[EXERCISE PROMPT]: Reproduce the whole listing word for word. Leave every image out.

** Opening DATASET CONTENT block **

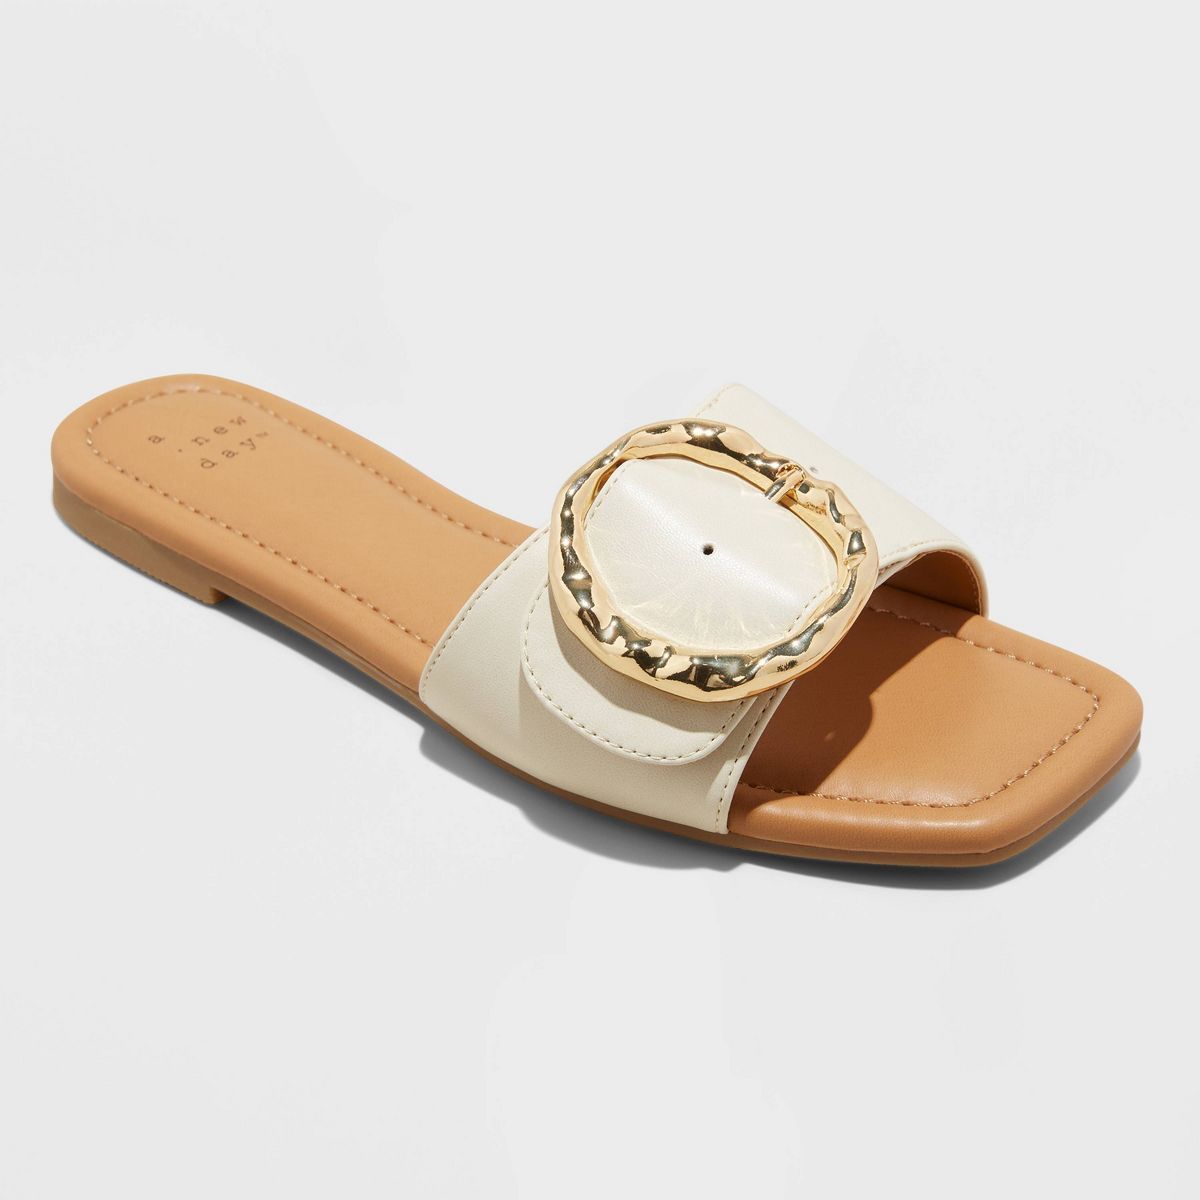 Women's Bennie Buckle Slide Sandals with Memory Foam Insole - A New Day™ Cream 10 | Target
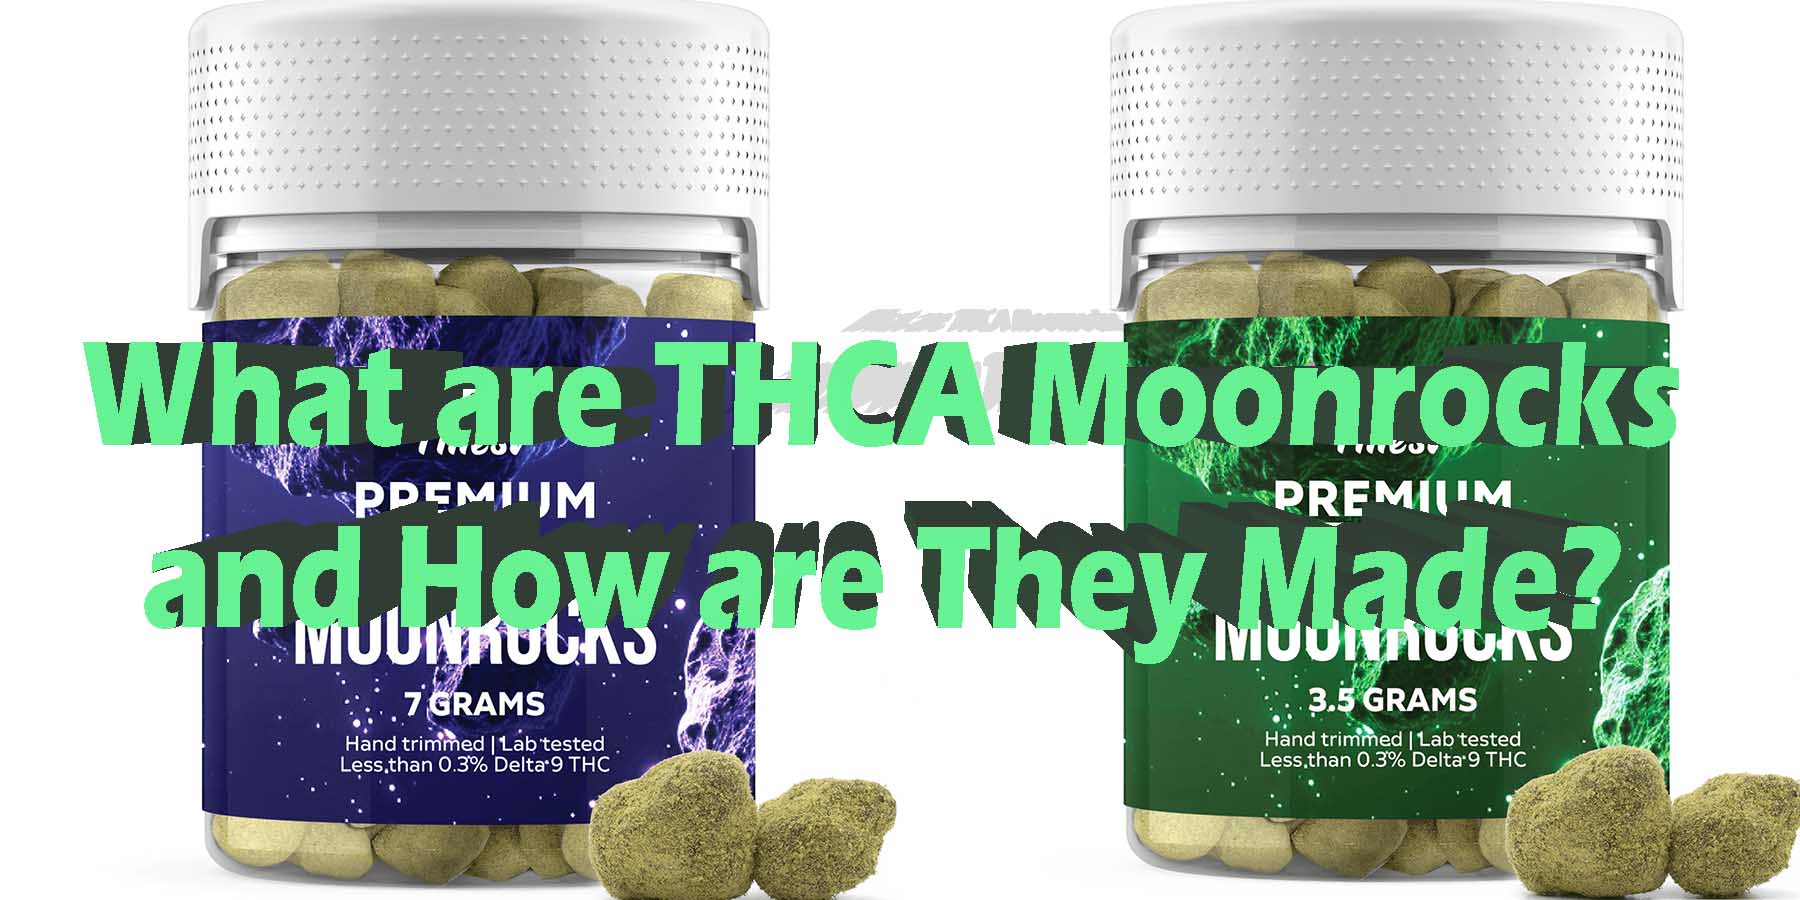 What are THCA Moonrocks and How are They Made THC LowestPrice Coupon Discount For Smoking Best High Smoke Shop Online Near Me StrongestBrand Bloomz
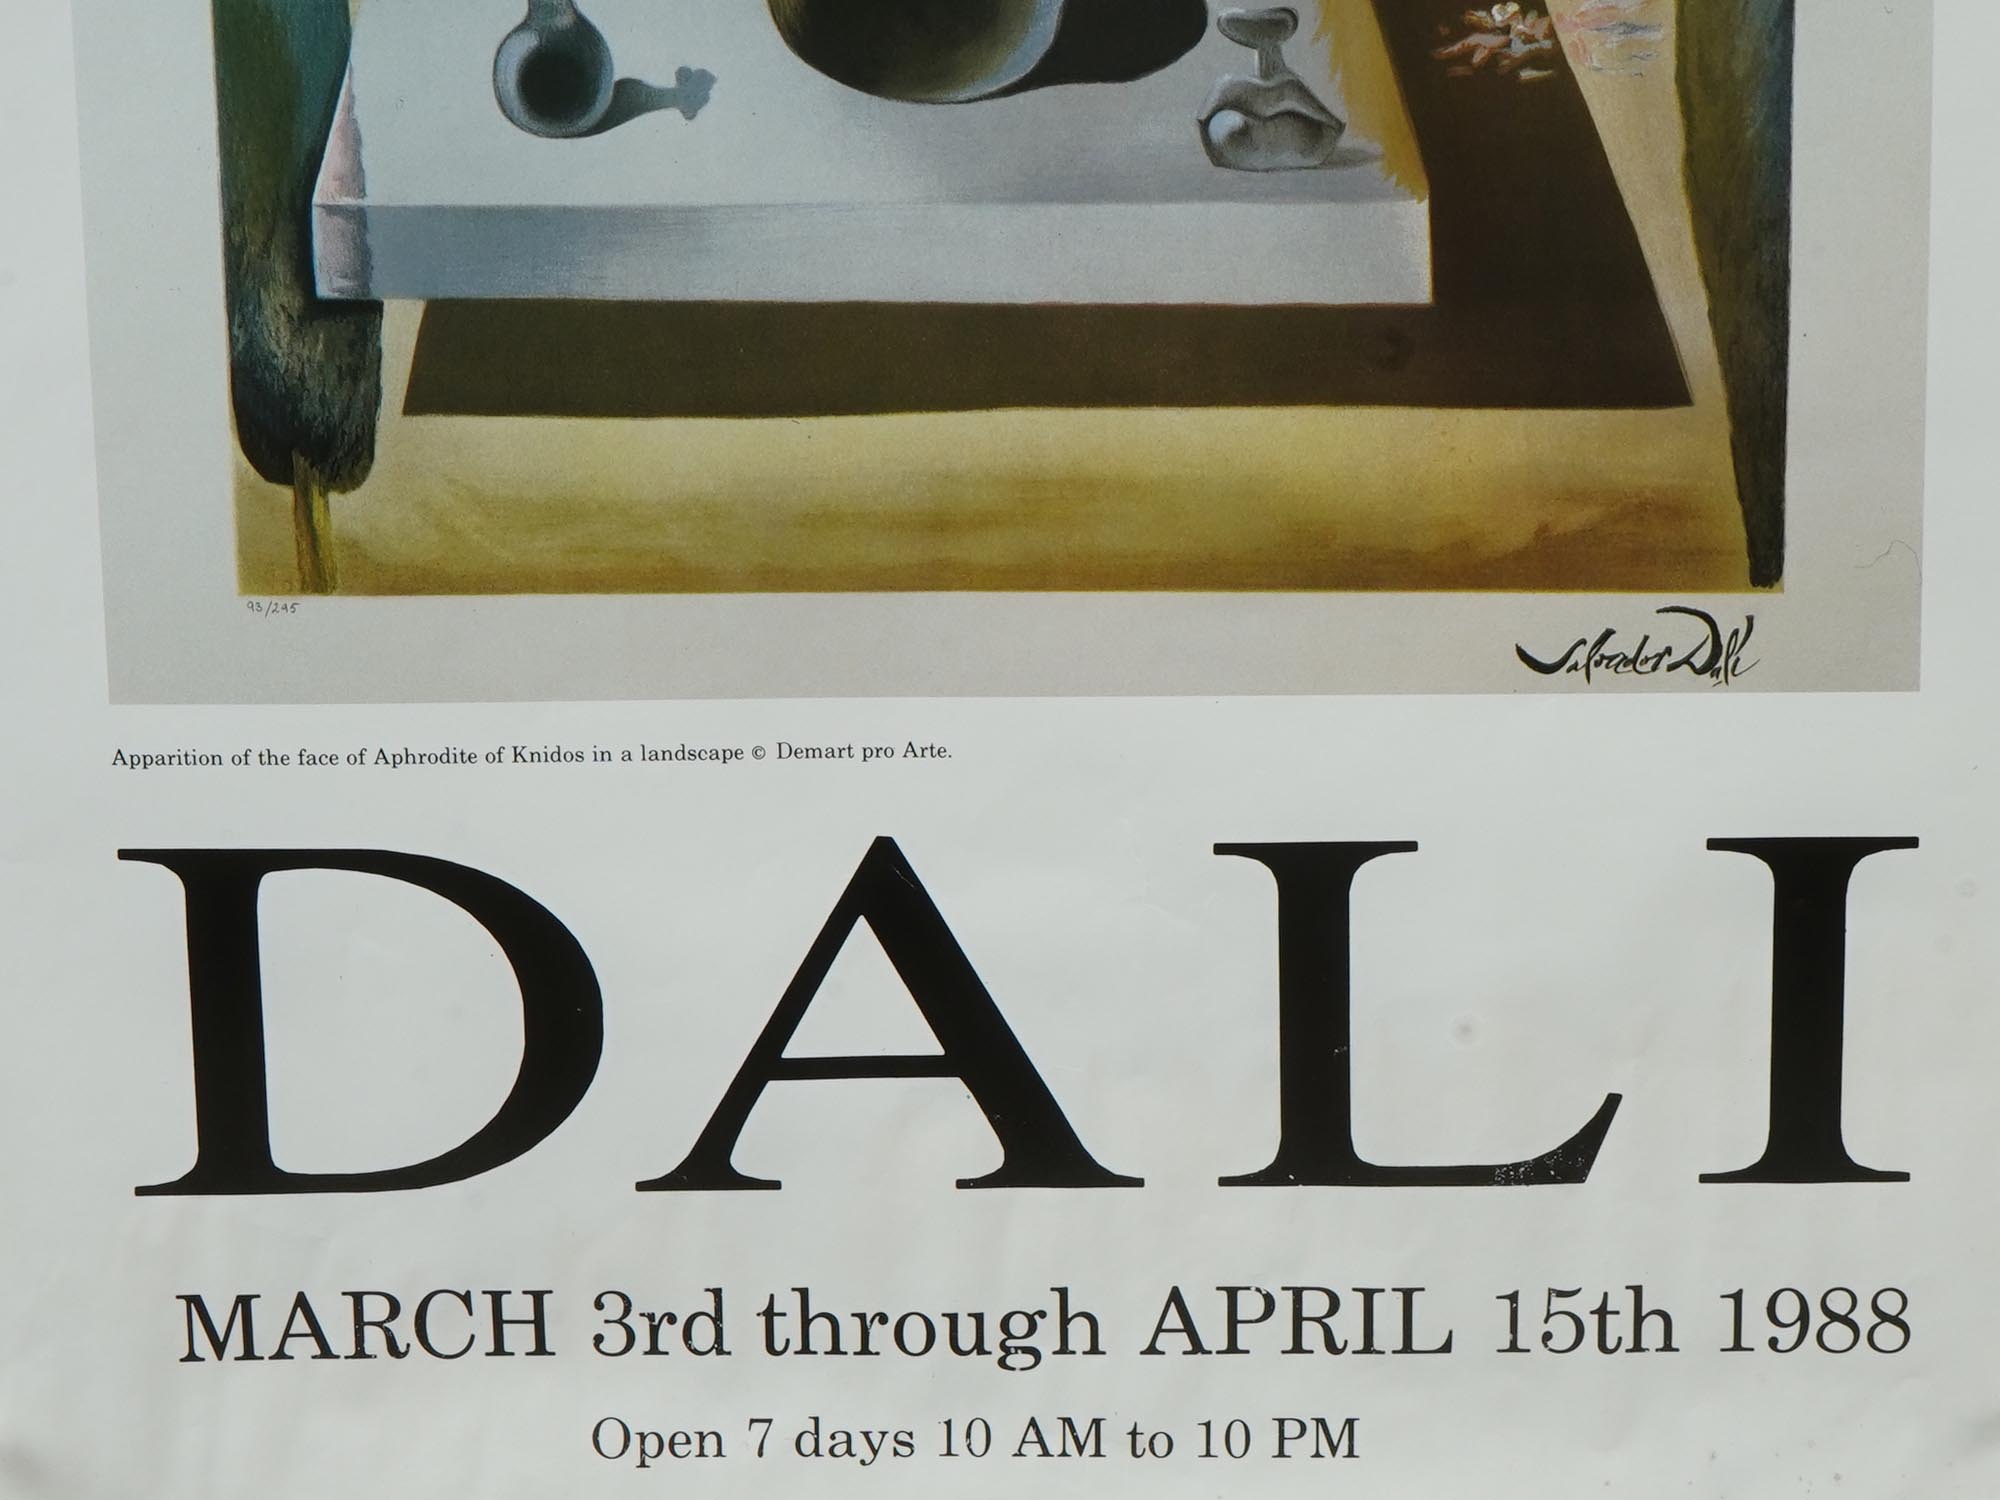 LOT OF ANDY WARHOL SALVADOR DALI EXHIBITION POSTERS PIC-3

** Closing DATASET CONTENT block **

[ANSWER SECTION]:
 Women's Bennie Buckle Slide Sandals with Memory Foam Insole - A New Day™ Cream 10 | Target
 What are THCA Moonrocks and How are They Made THC LowestPrice Coupon Discount For Smoking Best High Smoke Shop Online Near Me StrongestBrand Bloomz
 LOT OF ANDY WARHOL SALVADOR DALI EXHIBITION POSTERS PIC-3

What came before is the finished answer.